*** Opening THE INPUT ***

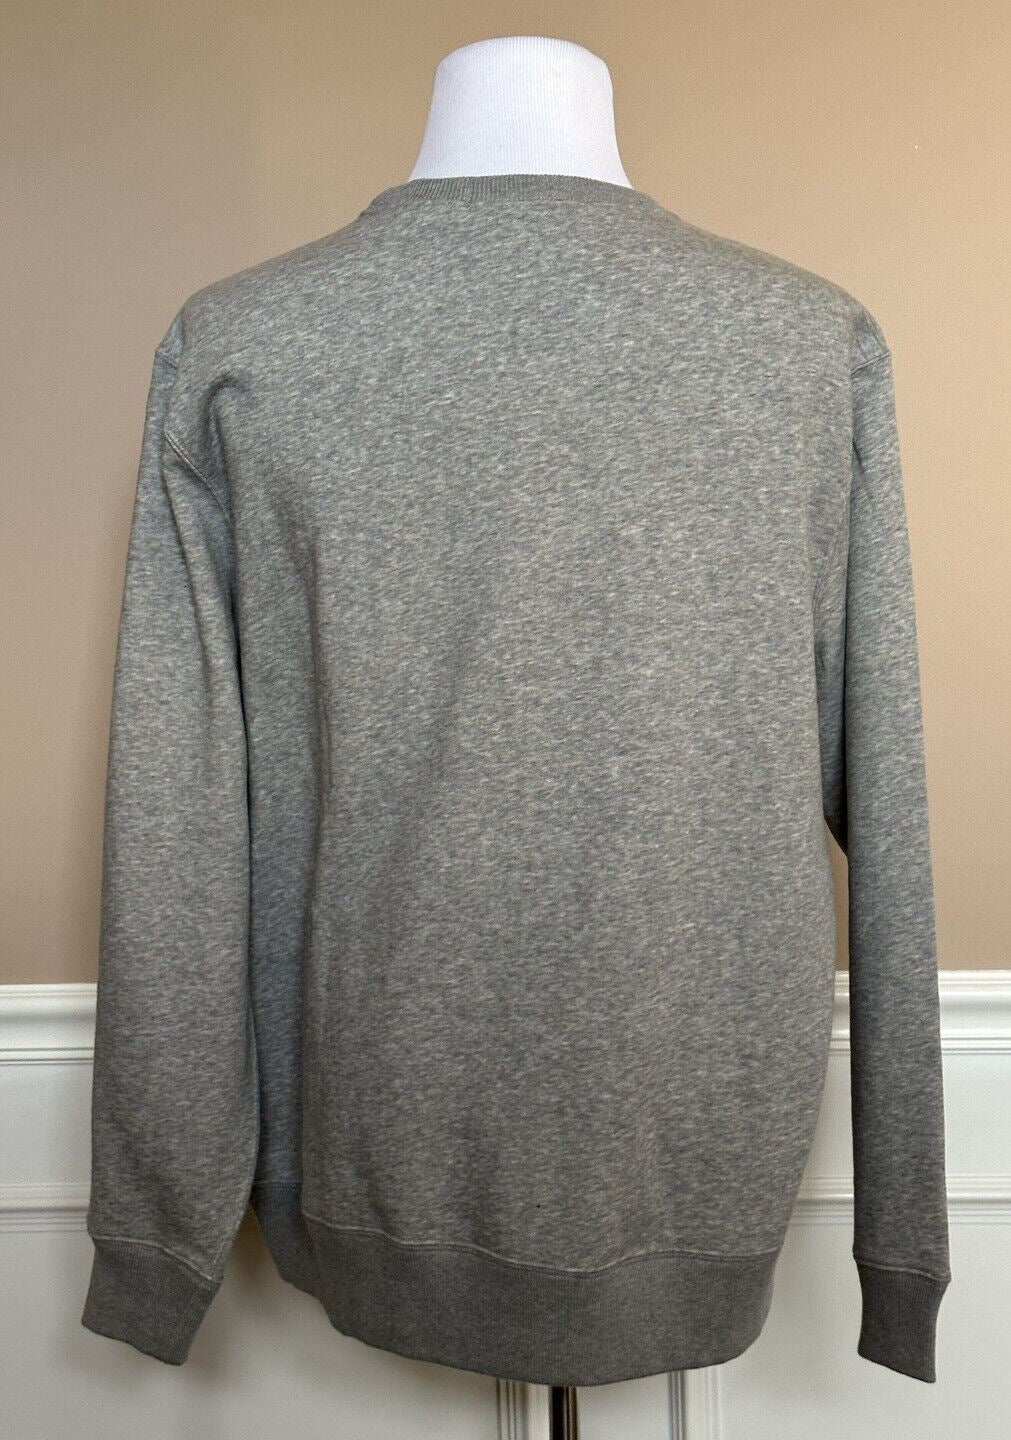 Neu $168 Polo Ralph Lauren Bear Sweatshirt Grau XL/TG 
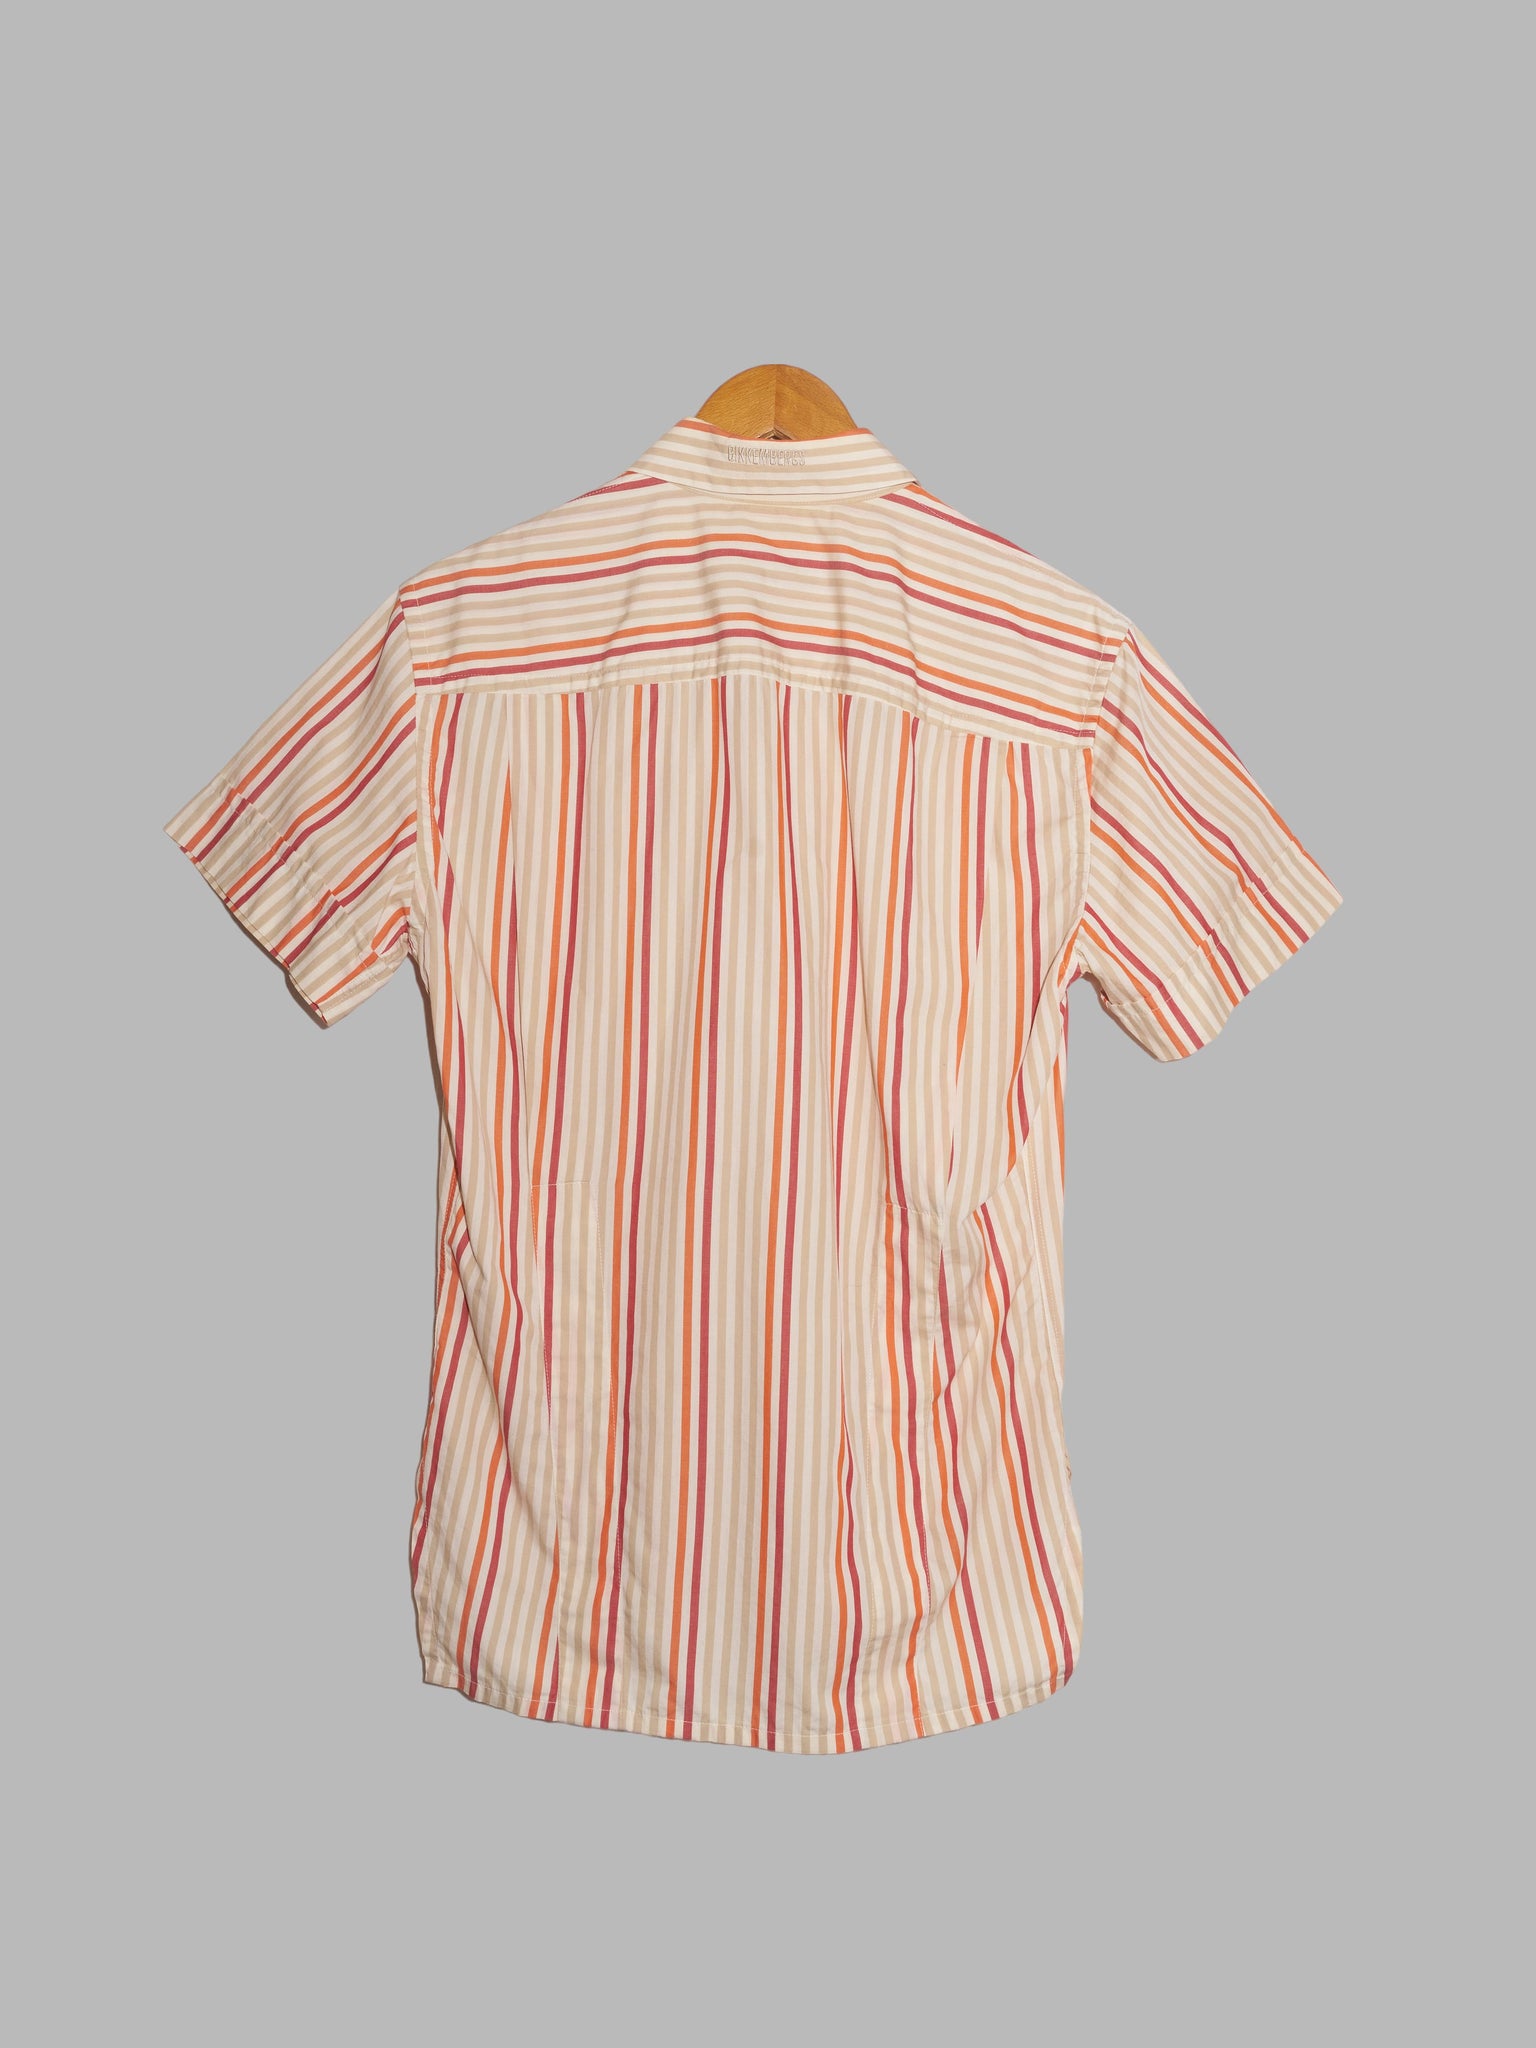 Dirk Bikkembergs beige orange red cotton stripe short sleeve shirt - S
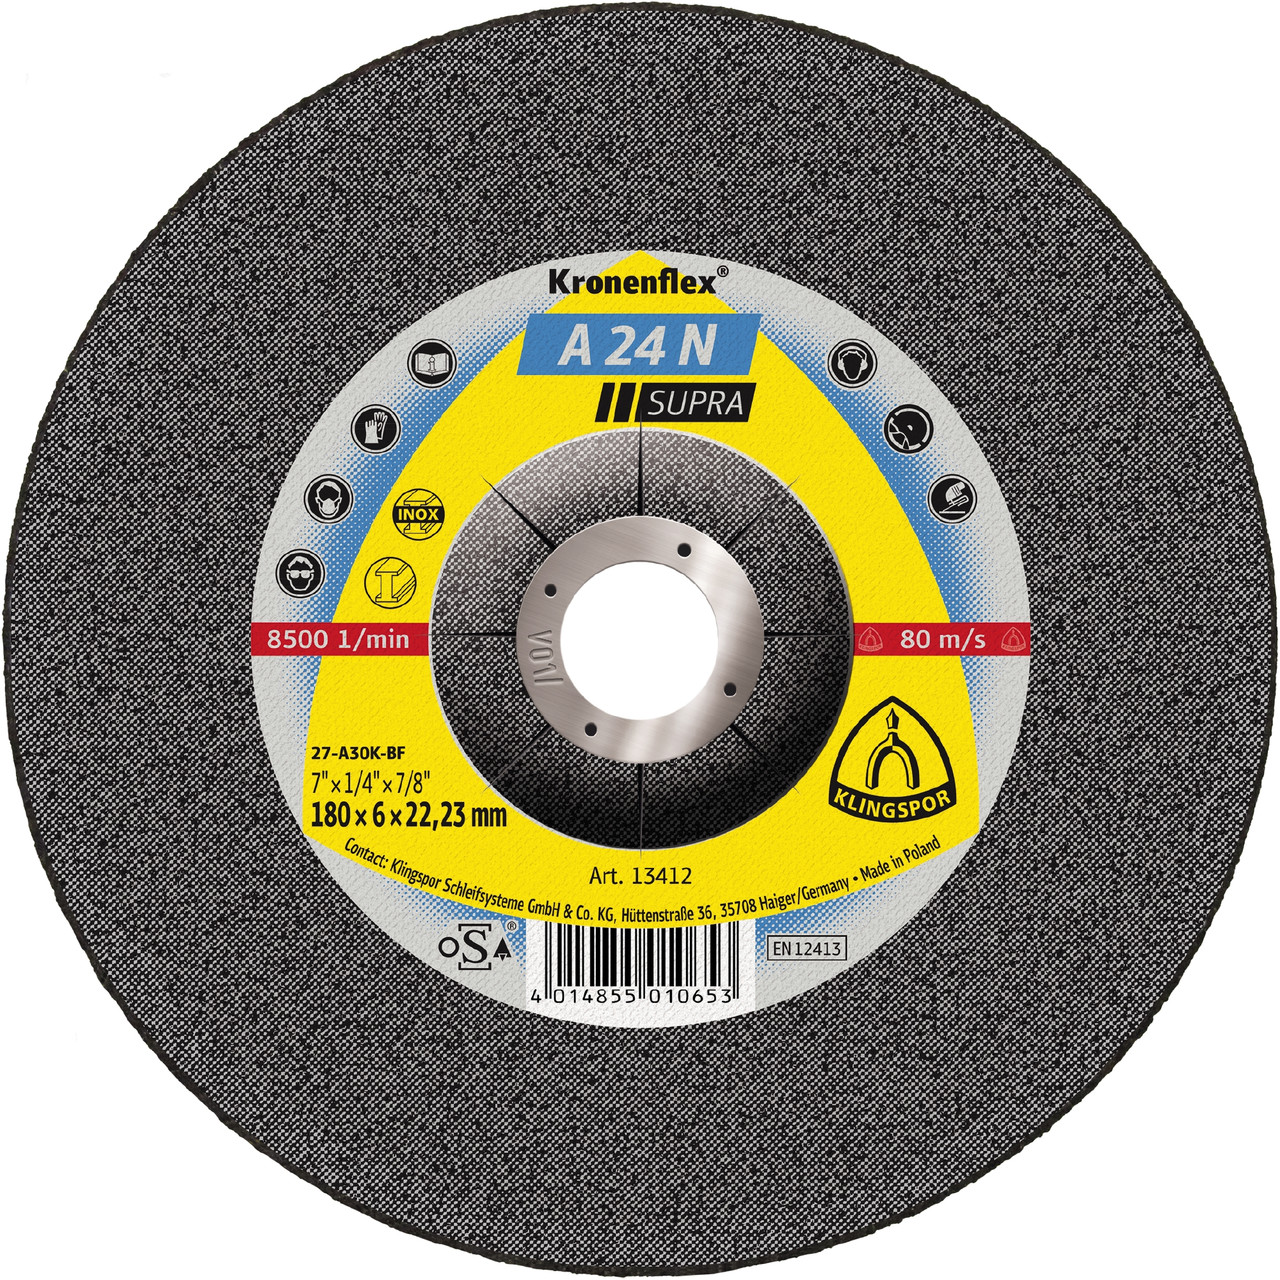 Grinding Disc - (A24N) Supra/8500Rpm/Inox Soft 180X6X22Mm
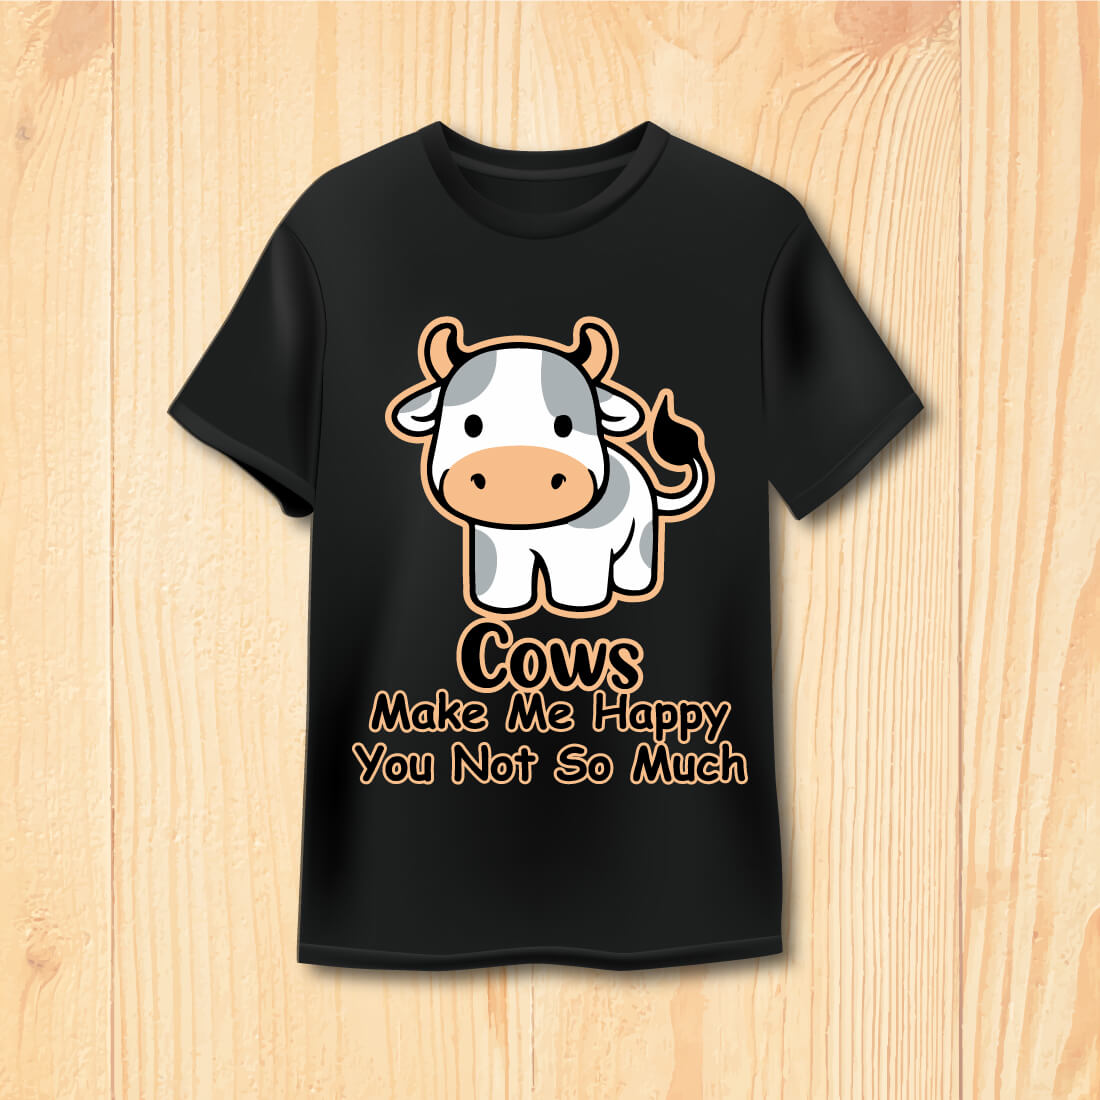 cow t shirt design 559
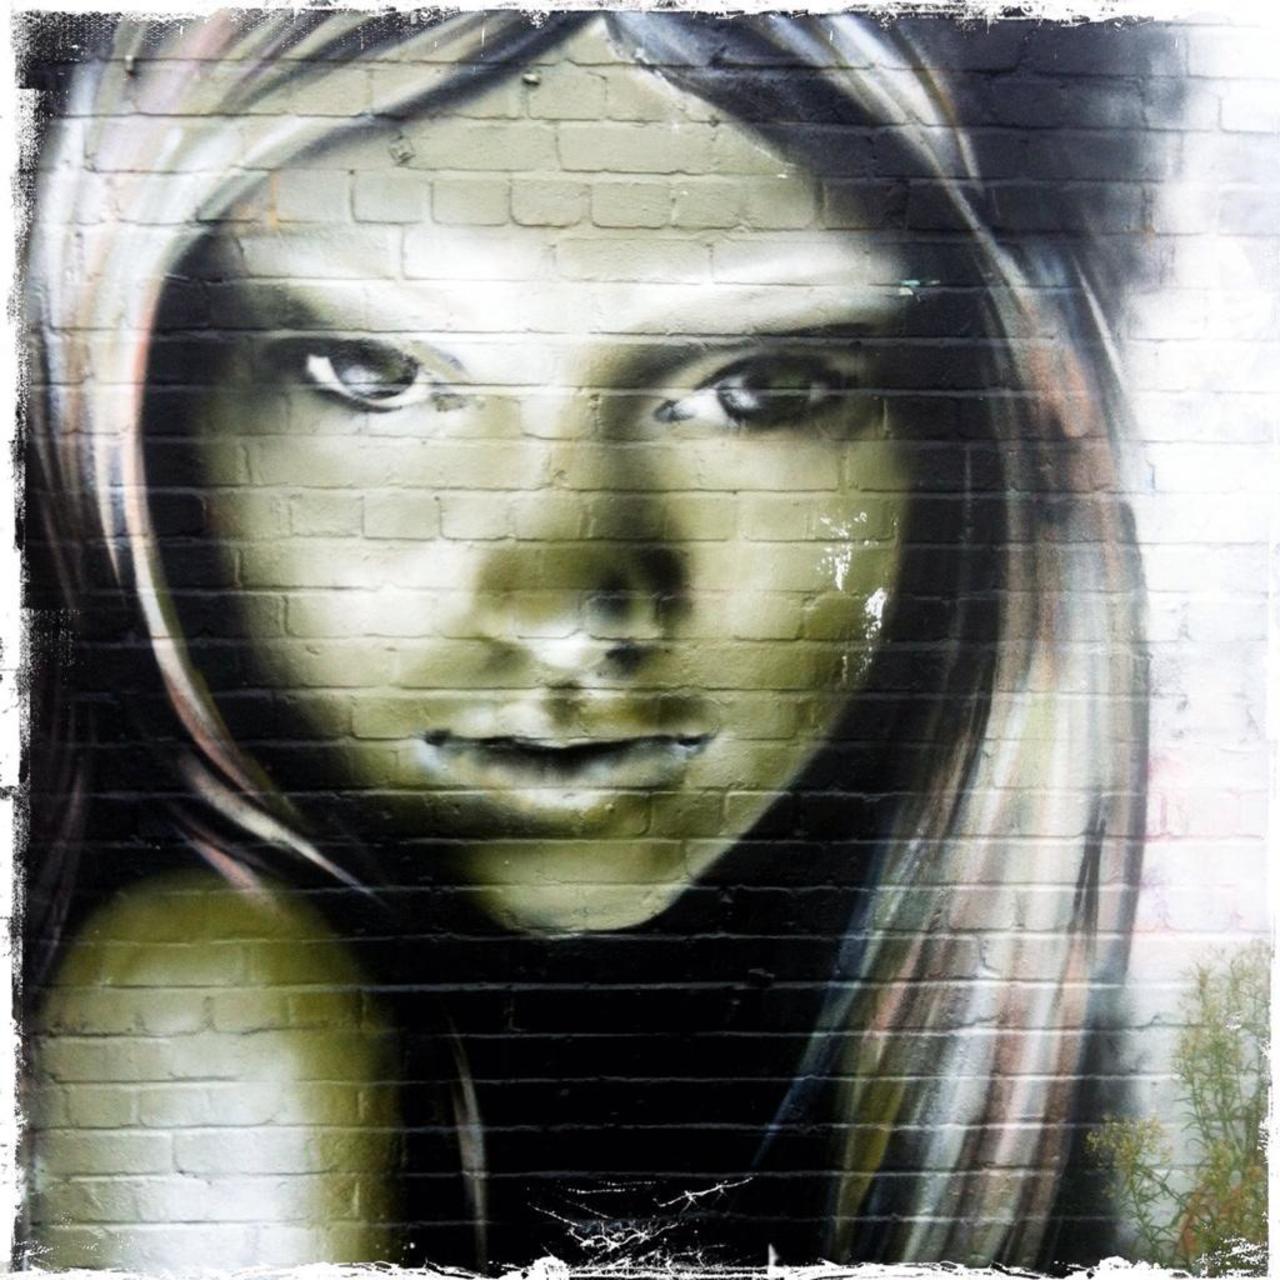 "@BrickLaneArt: Beautiful mural found at the Hollywell Lane car park #art #streetart #graffiti http://t.co/6mDLZXgrW8"

*** Closing THE INPUT ***

TASK PROMPT —
Leave the pictures out, and retype exactly the lines from the one containing "Dirk Bikkembergs beige" through the last line of the entries above, both included.

OUTPUT —
 Dirk Bikkembergs beige orange red cotton stripe short sleeve shirt - S
 Grinding Disc - (A24N) Supra/8500Rpm/Inox Soft 180X6X22Mm
 cow t shirt design 559
 "@BrickLaneArt: Beautiful mural found at the Hollywell Lane car park #art #streetart #graffiti http://t.co/6mDLZXgrW8"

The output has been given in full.